Trend Kebijakan Sektor Keuangan Nasional

Dewan Gubernur BI akhirnya menurunkan BI rate sebanyak 50 basis poin menjadi 8,75%. Pertimbangannya, relatif rendahnya tingkat inflasi pada Desember 2008 sehingga inflasi sepanjang 2008 masih berada pada kisaran 11%. Pola kebijakan moneter ini menginformasikan bahwa kebijakan BI rate sampai saat ini lebih diekspektasikan untuk menjaga tingkat inflasi dan bukan diorientasikan menstimulus sektor riil secara langsung. Tren kebijakan ini ketika diimplementasikan dalam kondisi perekonomian yang normal memang tidak bermasalah, namun tatkala situasi ekonomi sedang mengalami berbagai tekanan seperti sekarang, maka jelas akan memperlambat upaya peningkatan laju produksi output nasional. Oleh karena itu, dalam konteks saat ini kebijakan penutrunan BI rate tersebut memang sangat layak karena didukung oleh penurunan permintaan nasional, sehingga dengan tingkat harga yang relatif terjaga penurunan tingkat suku bunga acuan dapat dilakukan.

Merawat Daya Beli

Di luar perdebatan akademik di atas, penurunan BI rate saat ini diharapkan dapat memacu tingkat produksi nasional, baik oleh pelaku usaha mikro-kecil maupun menengah-besar. Hal ini dikarenakan adanya perbedaan mendasar antara krisis sekarang ini dengan tragedi ekonomi 1997/1998. Dalam konteks saat ini, tekanan ekonomi bukan hanya menimpa korporasi besar tetapi juga pengusaha mikro, kecil, dan menengah. Oleh karena itu, keseluruhan elemen usaha di Indonesia harus mendapatkan fasilitas kebijakan yang setara. Apabila krisis 1997/1998 sektor UMKM dapat dijadikan penopang subsitusi usaha besar, di mana PHK korporasi besar dapat dialihkan pada sektor mikro dan kecil, maka pada saat ini pola tersebut kurang bisa dilakukan. Ini disebabkan adanya penurunan permintaan secara nasional dan global sehingga peningkatan penawaran oleh sektor mikro dan kecil akan sulit diserap oleh oleh pasar.

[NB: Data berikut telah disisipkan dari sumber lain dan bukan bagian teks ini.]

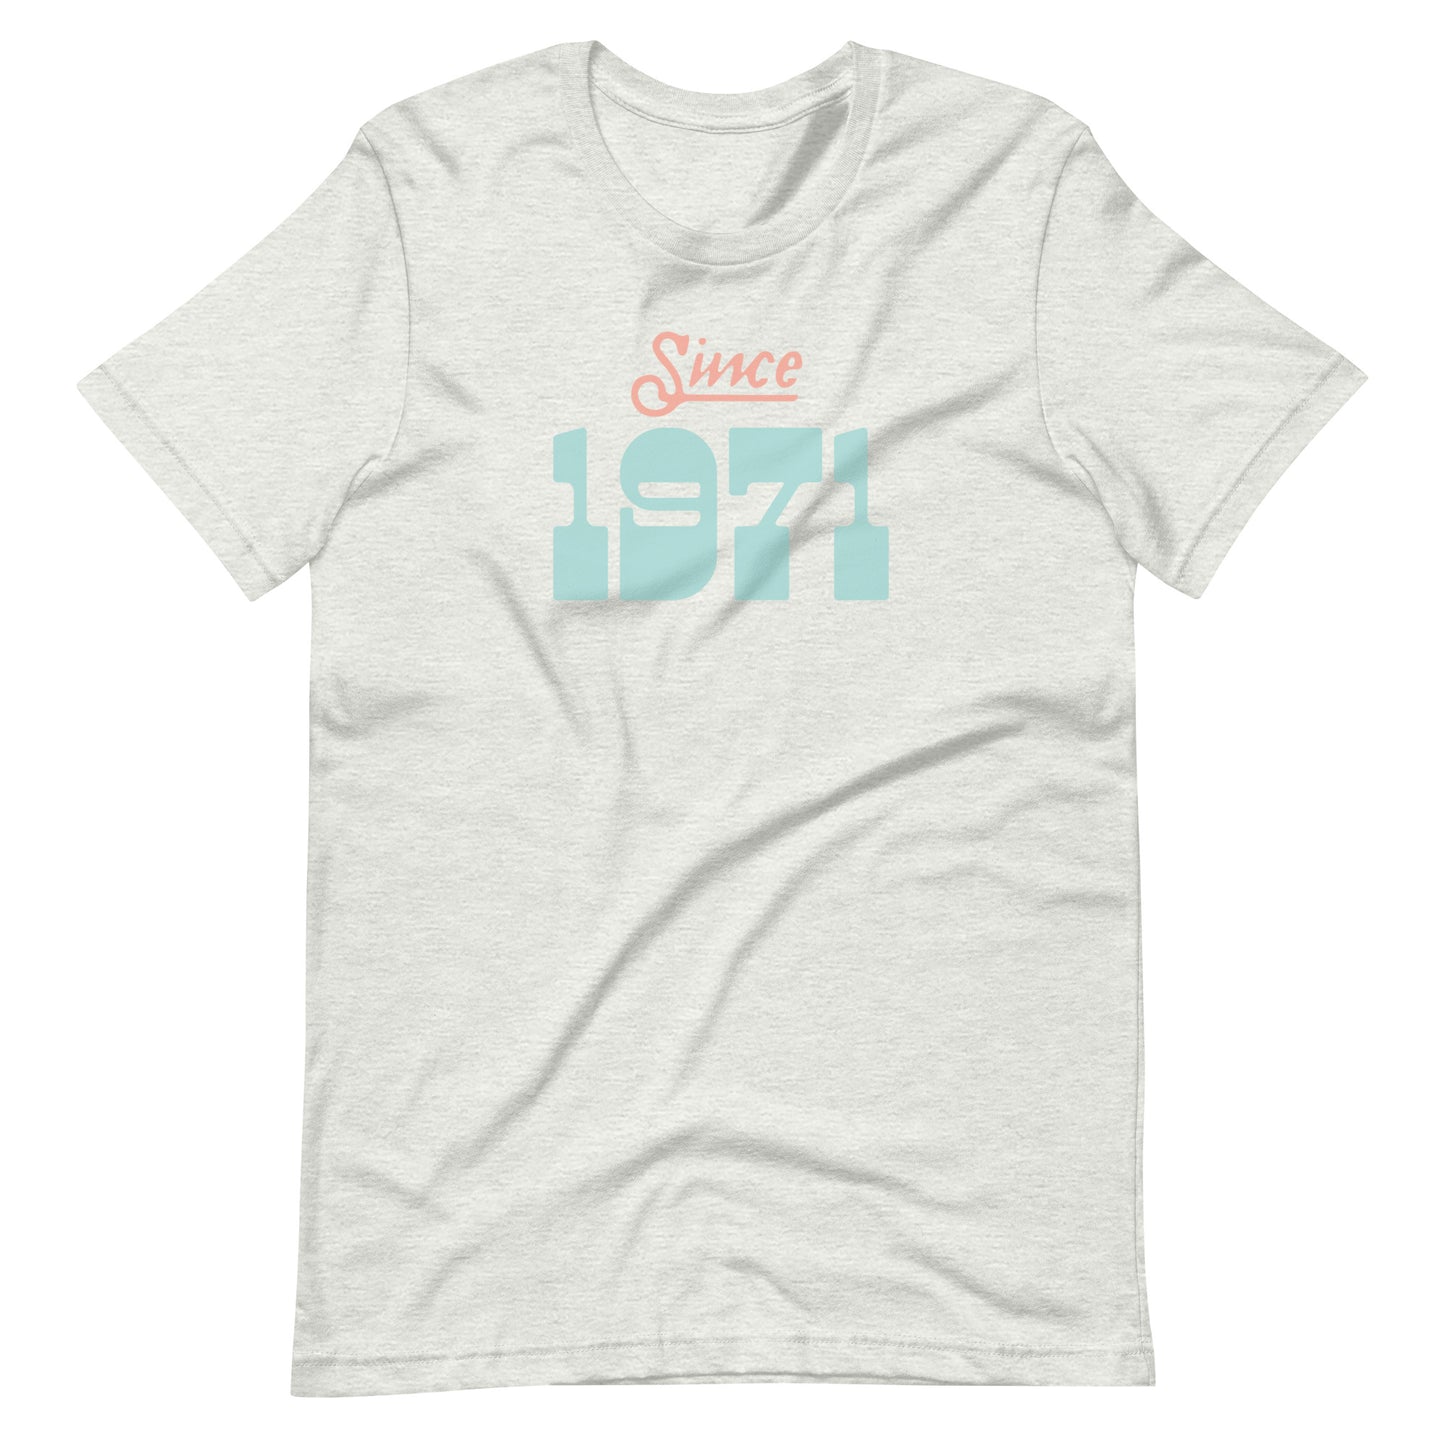 Pixie Dust Collection - Since 1971 Unisex T-Shirt (more colors available)

Berpijak pada kondisi tersebut, maka penurunan BI rate sekarang ini bukan hanya difungsikan untuk menjaga dan meningkatkan produksi nasional, tetapi juga harus bisa digunakan untuk mengamankan tingkat daya beli nasional. Dengan begitu, tingkat permintaan nasional -selama pasar global masih tertekan dan belum adanya subsitusi pasar ekspor Indonesia- akan dapat terjaga sehingga penurunan suku bunga acuan memiliki fungsi strategis dalam mengakselerasi tingkat penawaran produksi. Pada titik inilah, berbagai stimulus ekonomi yang telah dan hendak dikeluarkan oleh pemerintah dapat diposisikan secara integral dengan kebijakan moneter. Kebijakan stimulus ekonomi secara langsung difungsikan untuk menjaga dan meningkatkan produksi nasional. Sementara itu, penurunan BI rate secara tidak langsung dipakai menjaga daya beli nasional, sehingga setiap terjadinya peningkatan produksi dapat diikuti oleh kenaikan permintaan.

Persoalan “Time Lag”

Dalam implementasinya, kebijakan penurunan BI rate tidak lantas secara langsung dapat meningkatkan produksi dan konsumsi melalui skema kredit. Hal ini disebabkan setiap penurunan suku bunga acuan tidak langsung diikuti penurunan suku bunga kredit oleh sektor perbankan. Dalam ekonomi yang normal, time lag dari penurunan BI rate ke bunga kredit diperlukan tempo sekitar 3 bulan, sehingga time lag saat krisis sekarang mungkin lebih lama lagi. Parahnya lagi, persoalan ini kurang diregulasi sehingga BI sebagai otoritas moneter tidak dapat memaksa sektor perbankan menurunkan secara langsung suku bunga bank mengikuti penurunan BI rate. Hal ini masih ditambah dengan realitas bahwa struktur perbankan saat ini mulai didominasi asing, sehingga fungsi intermediasi keuangan secara maksimal menjadi sulit tercapai (walaupun bank lokal juga turut andil dalam memperlambat bergeraknya fungsi penyaluran kredit).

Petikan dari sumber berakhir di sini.